Mechanical properties of Plasmodium falciparum infected haemoglobinopathic red blood cells
12th International Conference on Infectious Diseases, Bacteriology and Antibiotics
May 23, 2025 | Webinar

Mr. Victor Lengyel

Germany

Scientific Tracks Abstracts: J Bacteriol Parasitol

Abstract:

The biomechanical mechanisms underlying the protective effect of sickle cell trait against severe malaria were investigated by comparing the mechanical properties of wild type (HbAA) and sickle (HbAS) red blood cells infected with Plasmodium falciparum at distinct intraerythrocytic maturation stages. A microfluidic platform mimicking capillary vessel cross-sectional dimensions and physiological flow velocities enabled the visualization of individual RBCs at 36,000 frames per second. The RBCs were biinarized, ellipse fitted, and the temporal evolution of ellipse height was analysed with an exponential function based on the standard linear solid (SLS) model to quantify dynamic shape recovery after cell deformation in the constriction, specifically measuring initial elastic recovery and characteristic recovery time (τ). Uninfected HbAS RBCs exhibited significantly impaired initial elastic recovery and a prolonged viscoelastic recovery time τ compared to wild type cells, consistent with known cytoskeletal dysfunctions. Following P. falciparum infection, wild type RBCs showed a progressive, stage dependent reduction in initial elastic recovery and an increase in τ, displaying a distinct mechanical response from infected sickle RBCs which show no consistent increase for tau during infection. Notably, at ring stage, only wild type RBCs exhibited diminished initial elastic recovery, potentially reflecting differences in cytoskeletal modulation due to altered phosphorylation and protein export in sickle cells.
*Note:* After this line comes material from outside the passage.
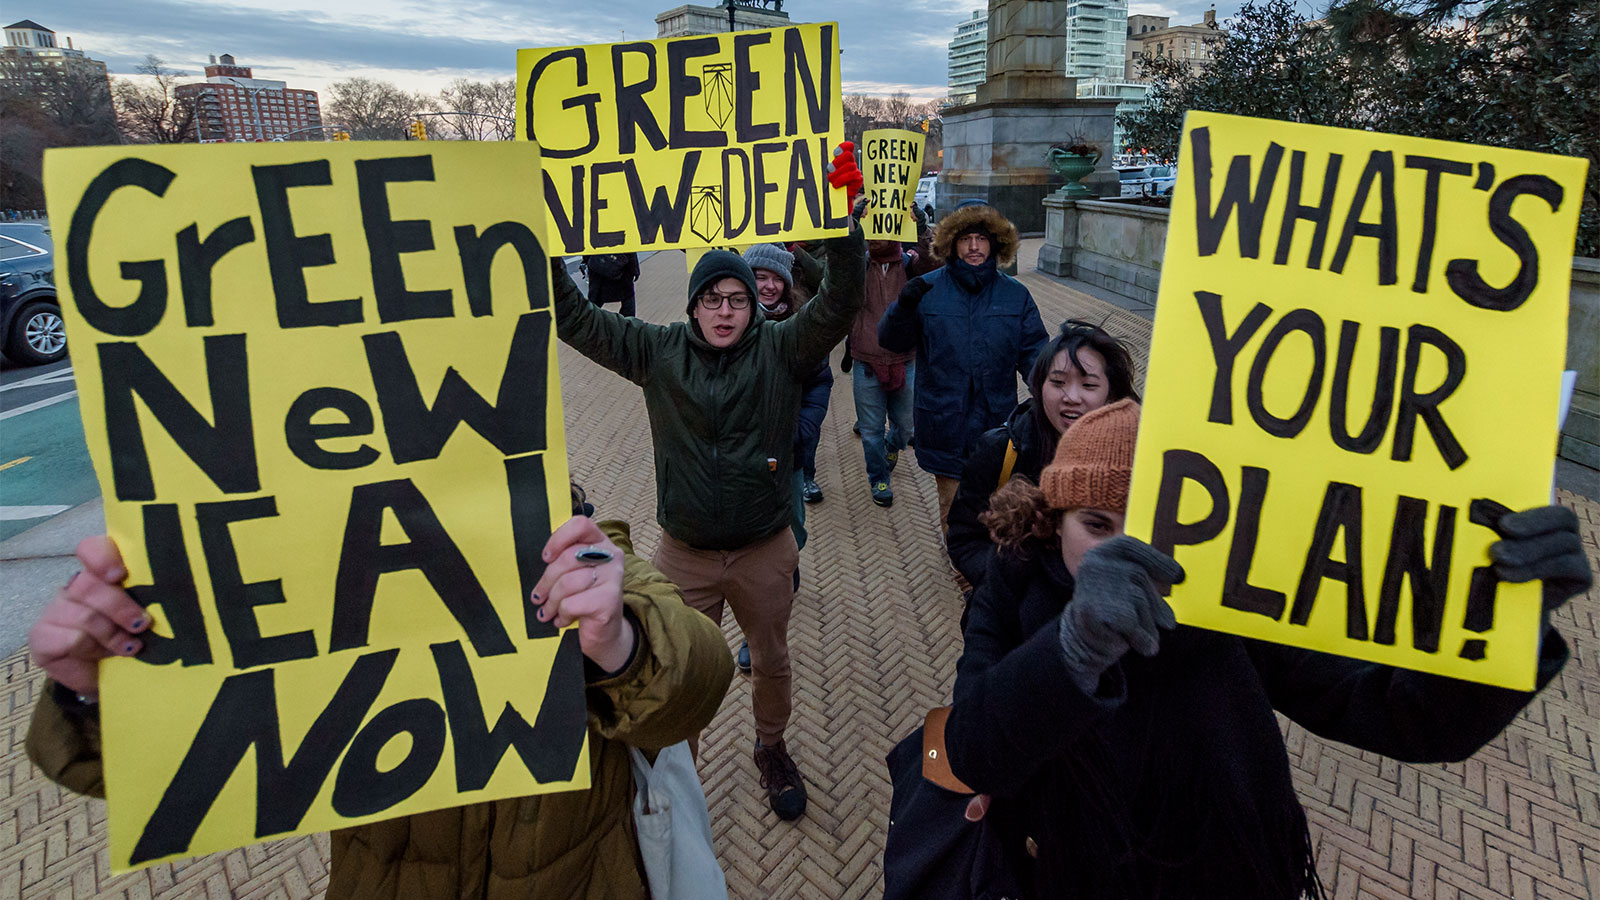 Green New Deal supporters hold signs encouraging action on climate change.

These findings indicate that sickle RBCs undergo distinct, stage-dependent biomechanical remodelling during malaria infection. Further studies employing targeted protein knockouts could elucidate the molecular determinants underlying these protective biomechanical phenotypes.

Biography :

Victor Lengyel is a medical doctoral student at the Lanzer Group of the department of Parasitology, University Heidelberg. The presented work is cooperation between the parasitology department of Prof. Lanzer and the biophysical department of Prof. Tanaka funded by the DFG SFB 1229. Victor Lengyel finished his medical studies at the University Heidelberg in November 2024.